What we're looking for in a data integration tool
By Osma on Wednesday 27 May 2009, 20:05 - Permalink
As our data warehousing process grows and the workflows get more complex, we've revisited the question of what tools to use in this process. Out of curiosity, I had a look at basing such a process on Hadoop/Hive for scalability reasons, but the lack of mature tools and the sacrifices on efficiency that would entail meant we're better off using something else as long as a distributed processing platform is the only thing that can get the job done. I'm also curious about the transition to continuous integration, a model I noticed showing up a couple of years ago and now getting some air under its wings as CEP, IBM's Infosphere Streams, and other similar approaches. Still, I think I'll continue to rely on something else for a while and see how things shake out. Continuous integration clearly is the future, but there are many ways to get there.
So, we had a look at what's going on in the Open Source data integration field. It seems the leaders in that field are Pentaho with Kettle/Pentaho Data Integration, and Talend with Open Studio and Talend Integration Suite. Both seem pretty even in terms of features. Both companies are a bit difficult to approach as a potential customer, so I figured I should also try what would come up from the OSS approach of just posting my thoughts on the Interweb ;)
Besides the technical pilot implementations we've made to compare basic workflow of the various tools, below is a sample of the kind of questions we're considering when evaluating the suitability of the tools.
Product roadmap, release schedule and size of the development team
- How often and of what scope of changes should we expect and prepare ourselves for platform upgrades?
- Past track record on keeping to a regular updates schedule
Data lineage and dependency, Impact analysis
- How to find out which tables are being used to for deriving DWH dimensions and facts?
Logging, auditing, monitoring on row and job level
- How to monitor and archive workflows on a row level (amount of rows being inserted/updated/deleted)?
- How to maintain, access and query a job execution history (start time/end time/return code)?
Version control
- How to track and restore changes in jobs?
Multi-user environment
- How can several developers work together?
Change Data Capture
- How to assist incremental loads?
Data profiling
- How can data source be examined?
Job recovery
- How to recover from possible failures in jobs (such as lost database connection)?
Deploy jobs
- How to move jobs from one repository to another (development to testing to production)?
Comments
Why limit yourself to these features when doing an evaluation? Why not go for the full blown list of 38 subsystems as defined by Ralph Kimball himself?
http://www.intelligententerprise.co...
The question was non-rhetorical. I guess what is comes down to is that there is always a price to pay for all those extra features in terms of complexity, monetary value, setup time, learning, etc.

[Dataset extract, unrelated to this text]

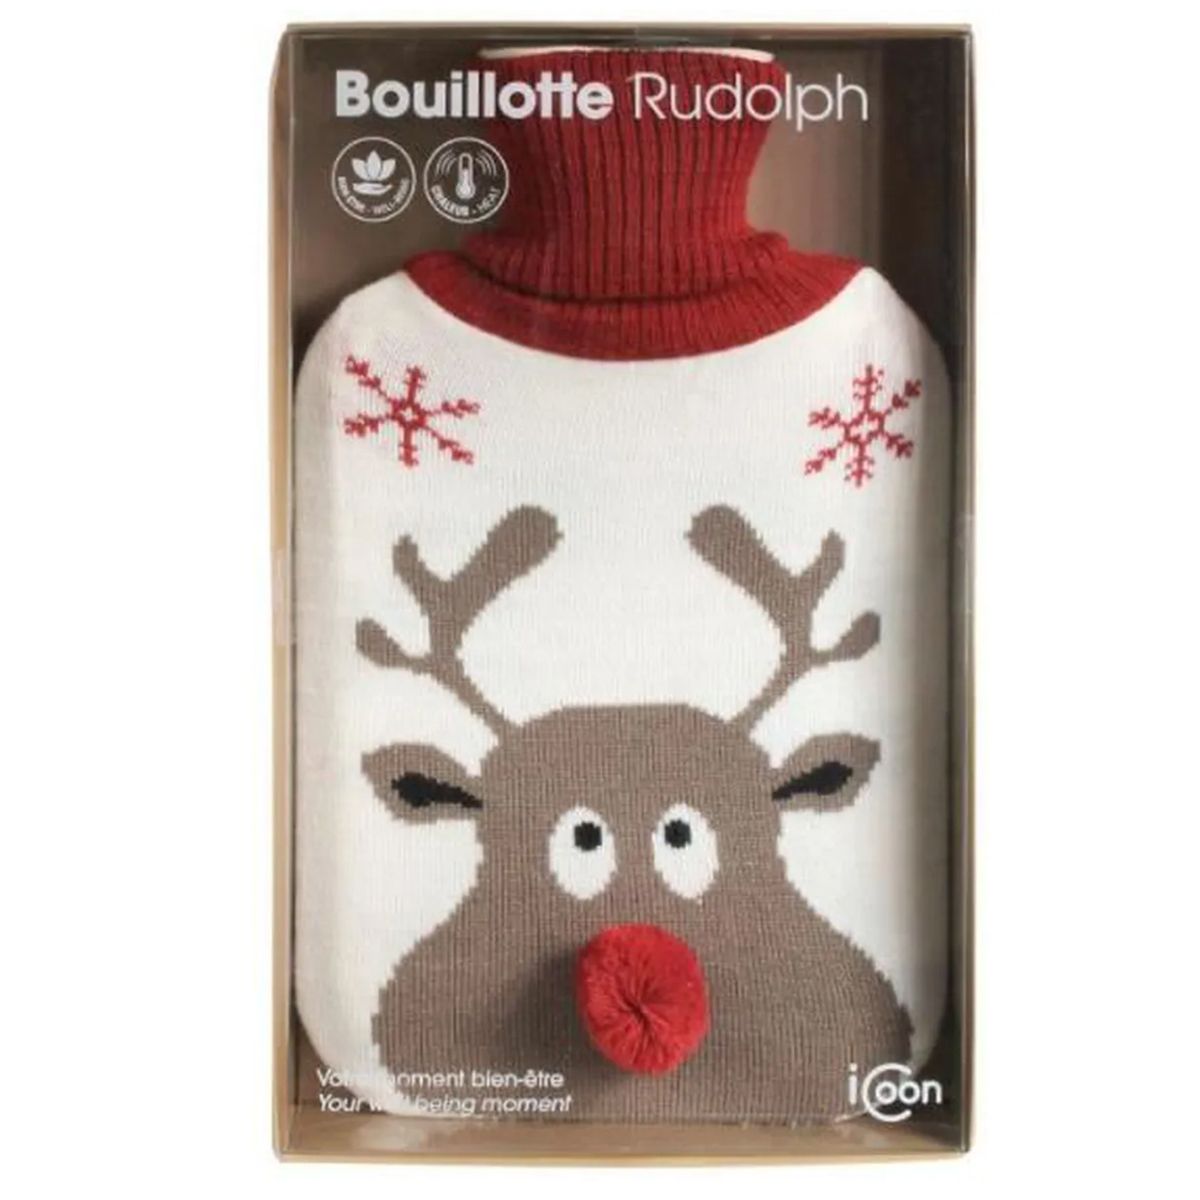 Bouillotte Rudolph

Pentaho data integration is quite busy filling in the gap with work started on most of the items you listed with the exception probably of Change Data Capture (It's a methodology, not a feature) but even there we have plans to do continuous integration with 3rd party tools. The great care that we take in the process is making sure that most (if not all) of the new features remain optional and that complexity stays low. As far as pricing is concerned, *anything* is cheaper than the classical closed source vendors. That is *especially* the case if you add up the price for all these extras. I guess that explains why a lot of customers choose to simply check in their PDI transformations and jobs in their own version control system (like open source Subversion). Or why they would use a third party (open or closed source) profiling tool on the side. (it's only mildly related to ETL anyway) Hybrid solutions can mean a lot of cost savings.
Another important question to answer is that of relative importance of the features you listed:
- How important is the feature (nice-to-have or critical)?

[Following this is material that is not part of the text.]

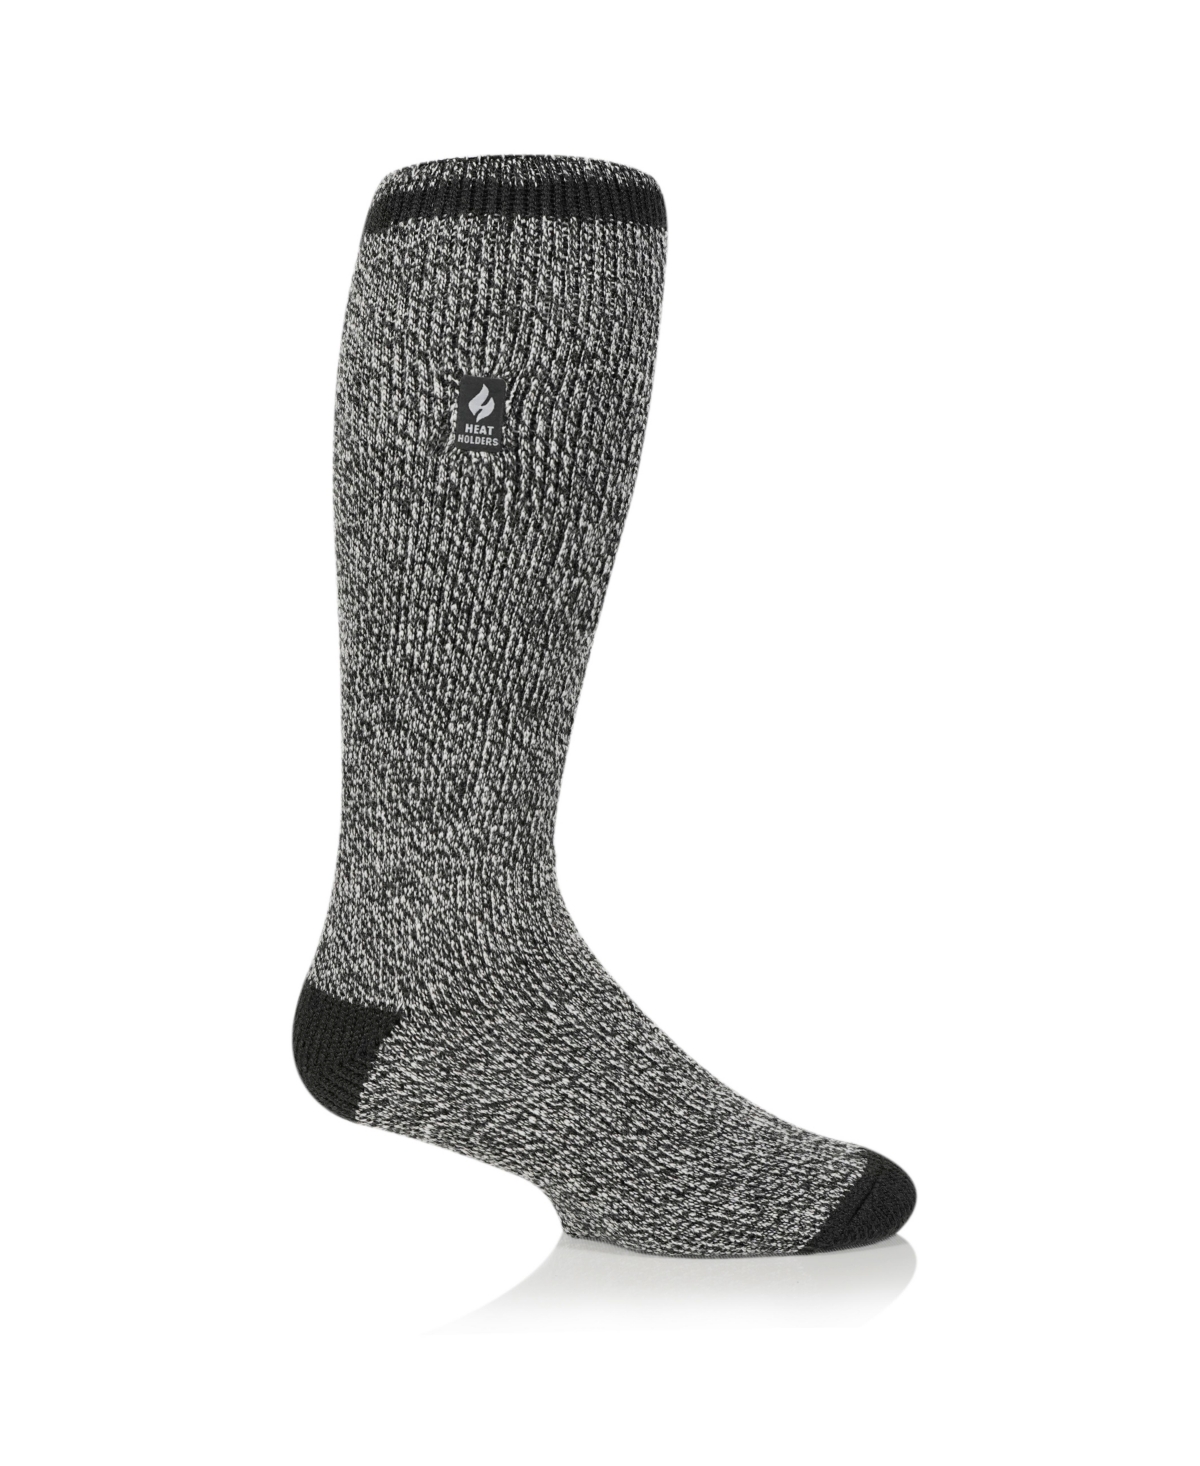 Men's Gabriel Twist Long Cotton Sock - Charcoal, Light Gray

- How much money can you spend on it and still have a ROI?
- Can you shop around for the feature in question to reduce costs?
- Do you really have the luxury of paying any price or (more likely) are there limits? Where are these limits?
- etc.
All these things will have a huge impact on the decision making process.
Take care,
Matt
I'm sure I'll get slammed for this, but I'm not sure why you're limiting yourself to only open source vendors.
Would you build a Data Warehouse only on MySQL or would you also look at Oracle, Teradata or Vertica or Netezza (granted, some of those products have open source components in them, but plenty of proprietary magic too).
Pentaho and Talend are so far behind products like PowerCenter (INFA) or Pervasive Data Integrator. You'll spend a fortune over the lifetime of the project filling in the functionality "delta" between full-function mature products and the open source integration products.
Just cuz a dog is free doesn't mean it's not very expensive.
Winslow, you certainly won't be slammed by me -- that's an eminently reasonable question. It's just one which I've skipped in this public discussion.
We are already using commercial data integration products. However, their licensing mechanisms are a distinct drawback, and we typically extract significantly more value from open source tools. Yes, at times they can't offer as rich of a feature set, but the development model just suits our practices better.
That said, it's not a done deal by any measure, and when we started work in this arena, proprietary solutions won the argument with ease.